Anziché fuggire, però, come quando sentiamo scattare un allarme, dovremmo fermarci. Più che girarci dall’altra parte, facendo finta di niente, dovremmo piuttosto metterci in ascolto per cogliere il significato di quel messaggio.

Ansia e stress. Il ruolo curativo della psicoterapia

Soltanto attraverso un ascolto profondo e rispettoso potremo cogliere il senso autentico di quelle parole non dette che il corpo ci grida attraverso il dolore, la tensione, il blocco e tutti i sintomi classici dell’ansia o dello stress cronico.

La psicoterapia offre uno spazio in cui tutto questo può avvenire.

Si tratta di uno spazio sicuro in cui ci si può finalmente fermare e prendersi del tempo per guardare oltre la superficie e immergersi nel proprio mondo interiore, per ascoltare l’ansia, accettarla e comprendere che sta lì per indicarci di cosa abbiamo realmente bisogno.

Stiamo parlando di un vero e proprio atto di rottura con la logica della performance.
Nel qui e ora della relazione terapeutica, infatti, non devi dimostrare nulla: non serve essere brillante, produttivo, perfetto, accettabile. Puoi semplicemente essere te stesso,  con le tue contraddizioni, le tue domande e le tue fragilità.

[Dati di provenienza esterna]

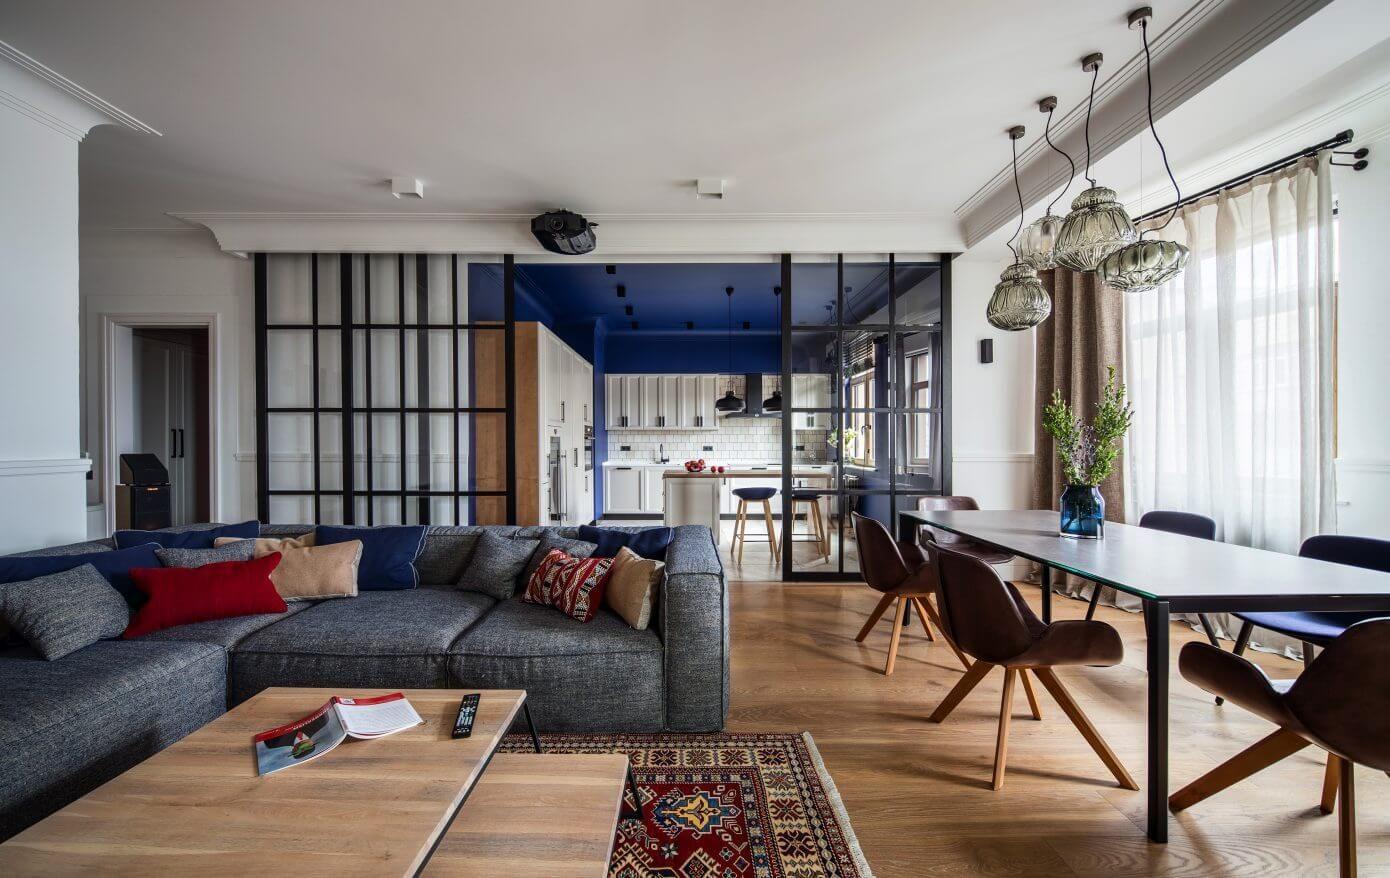 Alise Apartment by Oksana Dolgopiatova HomeAdore

E sentirti accolto, senza giudizio.

È un percorso di ascolto, dove si impara a fare pace con le proprie emozioni, con la propria storia, con il proprio ritmo.
Come approfondito in diverse pagine del sito Psicoterapia Roma Prati, ritrovare sé stessi significa sottrarsi, almeno per un momento, all’alienazione della vita quotidiana, e aprire uno spazio di autenticità dove la vita possa tornare a essere sentita, e non solo attraversata.

Finalmente, si può tornare a sentire le proprie emozioni senza filtri, riconoscendo la loro voce senza giudicarla, così che diventino una guida preziosa nel processo di trasformazione personale.